It's nearly two in the afternoon and the temperature both inside and outside is 72degF and there's a fresh breeze flowing through the house and keeping things comfortable out in the sun and the bright blue sky.
Perfect weather? Naw -- I prefer jacket weather, about twenty degrees colder and a nice autumn day. But I'll take a lovely summery day in the middle of an August heat blast, for sure. Why not?
Even as the guy from the LP gas company is hooking up the shiny new Kohler 12kW backup generator to the LP tank, so the electricians can come back in the morning and finish the installation, one has to remember that this bit of technology does not make us impervious to everything. We can't roll up the driveway and declare ourselves independent from civilization. It'll only help us when the power goes out.
Case in point. Monday, as I was getting the newspaper and mail out across the road, I'd just detected the hint of something burnt when our across the road neighbors were driving out. From the wind coming out of the west, I realized it couldn't be our other neighbors' burning barrel. That was when the thirty or forty feet of blackened weeds and brush was pointed out to me. Seems that a county road crew had been driving along at speed regrading the shoulders and throwing up sparks from where the blade was striking the road -- and one of the sparks set off the brush fire. Neighbors got to call 9-1-1 and watch the Allendale Fire Department and everything. We've had little rain, at least for around here and lots of things are quite dry.
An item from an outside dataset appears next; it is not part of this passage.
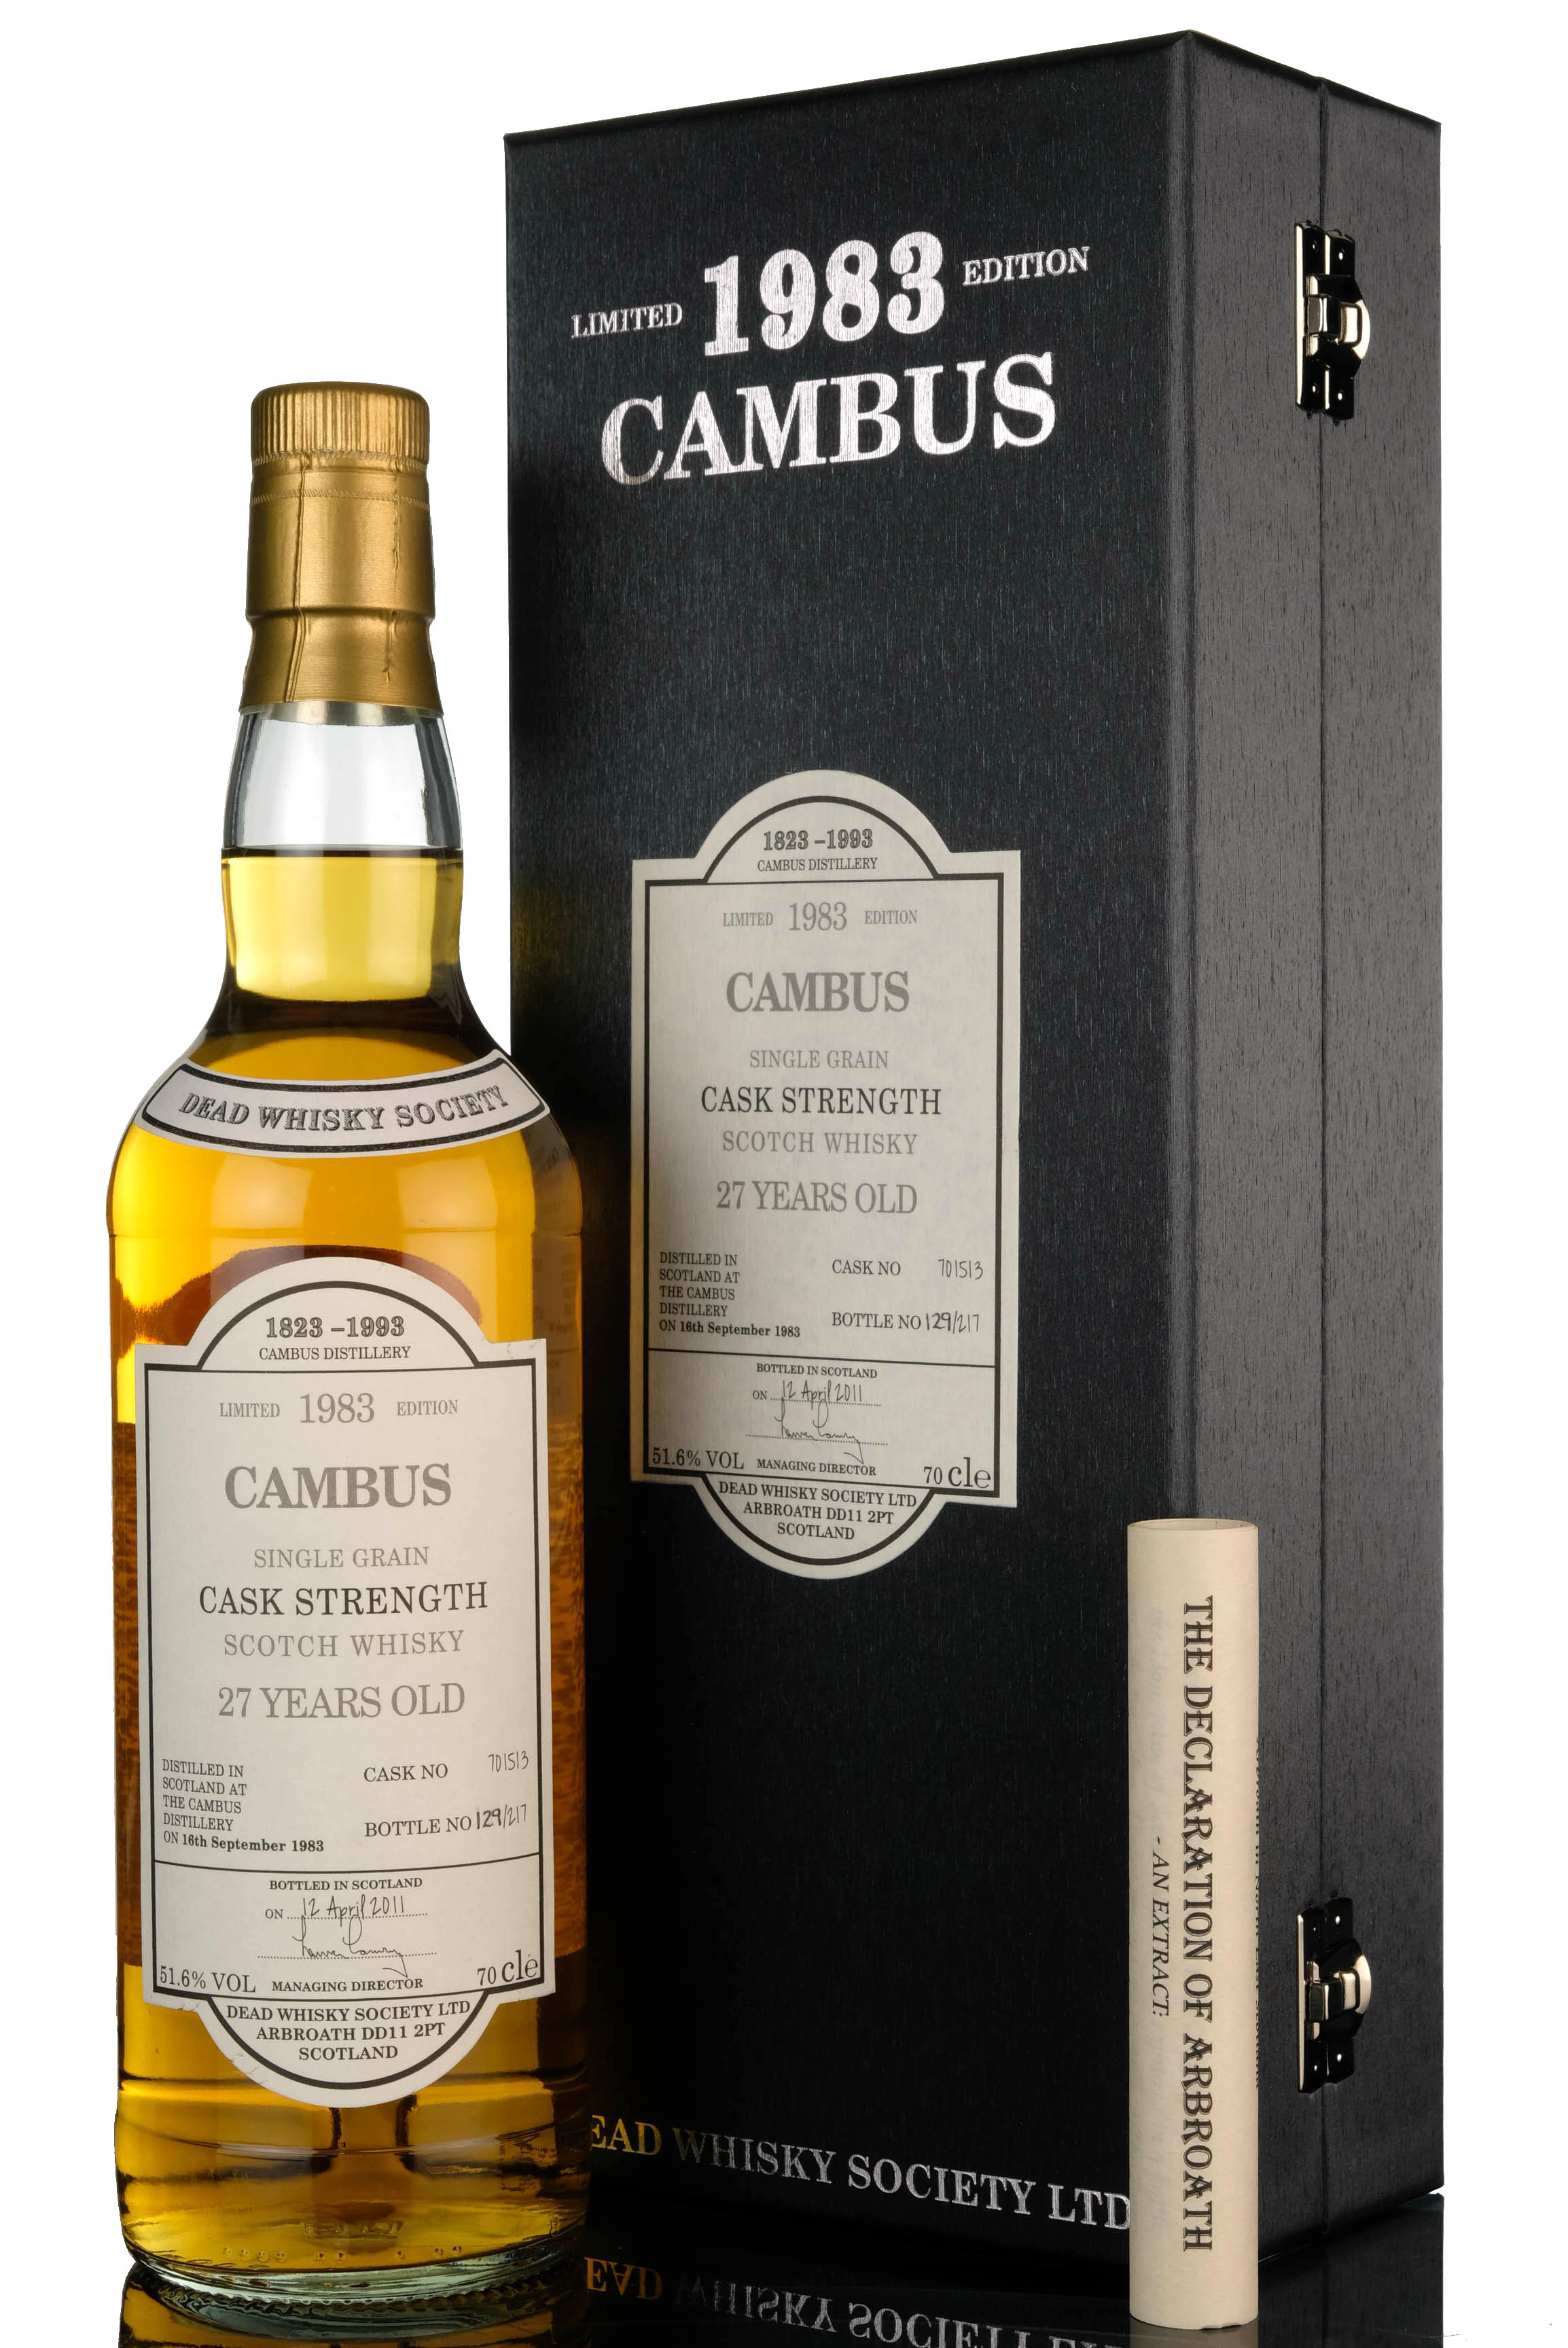 Cambus 1983-2011 - 27 Year Old - Dead Whisky Society

In the afternoon, working from home, I'd heard the rumble of large truck engines idling, but we can't see most of the road due to the stand of tall pines in the front yard. And since no one was coming down our driveway, I didn't think anything of it. No sirens anyway. So I guess I missed the fire.
As for hearing sirens...
About a month ago the Aeromed chopper had to rush people to the hospital from a horrendous wreck just up the road at 104th Avenue. As I recall, it had all the hot button touchstones you could want in a single news story: an overcrowded car filled with young teens, a 16-year-old driver, immigrants, an old man in a pickup truck... But that's not the point here. We'd seen that evening quite a parade of vehicles with flashing lights and sirens, including some of the Allendale F.D. people heading towards town before bringing their equipment back. And we'd heard the chopper come in and low, and I speculated that maybe there was a crash at 104th, since we couldn't see anything.
Last night the parade of sirens came back and again came the heavy sound of the Aeromed helicopter flying in low. I glanced out the bedroom window and could see flashing lights at the end of the Warner Street Racetrack straightaway. Then I went out on the front porch with binoculars and watched as the Aeromed chopper gingerly came down beyond the trees at the curve into what had to be a pretty tight landing zone. Don't know the bladespan of their machine or their minimum safe distance, but it's a big chopper and there's a lot of trees off that way. Neighbors were already on top of the news -- someone had wrapped their car around a tree, presumably from missing the curve. Some were driving down the shoulder of the road on ATVs and a John Deere lawn tractor to see what was going on. Entertainment in the sticks, I guess.
Television and movies always telescope time and can give you a false impression of how things work. The Aeromed chopper last night landed in the dusk about 8:51pm EDT and took off in the dark at 9:44pm EDT. It takes time to extract and work on real people, you don't just shove and go.
The backup generator will keep us with light, water, heat and cool. It will hold back the night and the wild, but only up to a point. One has to be reminded of these things from time to time. Just as sitting all night in the dark with only a flickering candle and a booklight, but no TV, computers or Internet access, reminds one of how close we are to stepping out of the 21st century. Even without fire, flood, earthquake or other disaster, natural or manmade.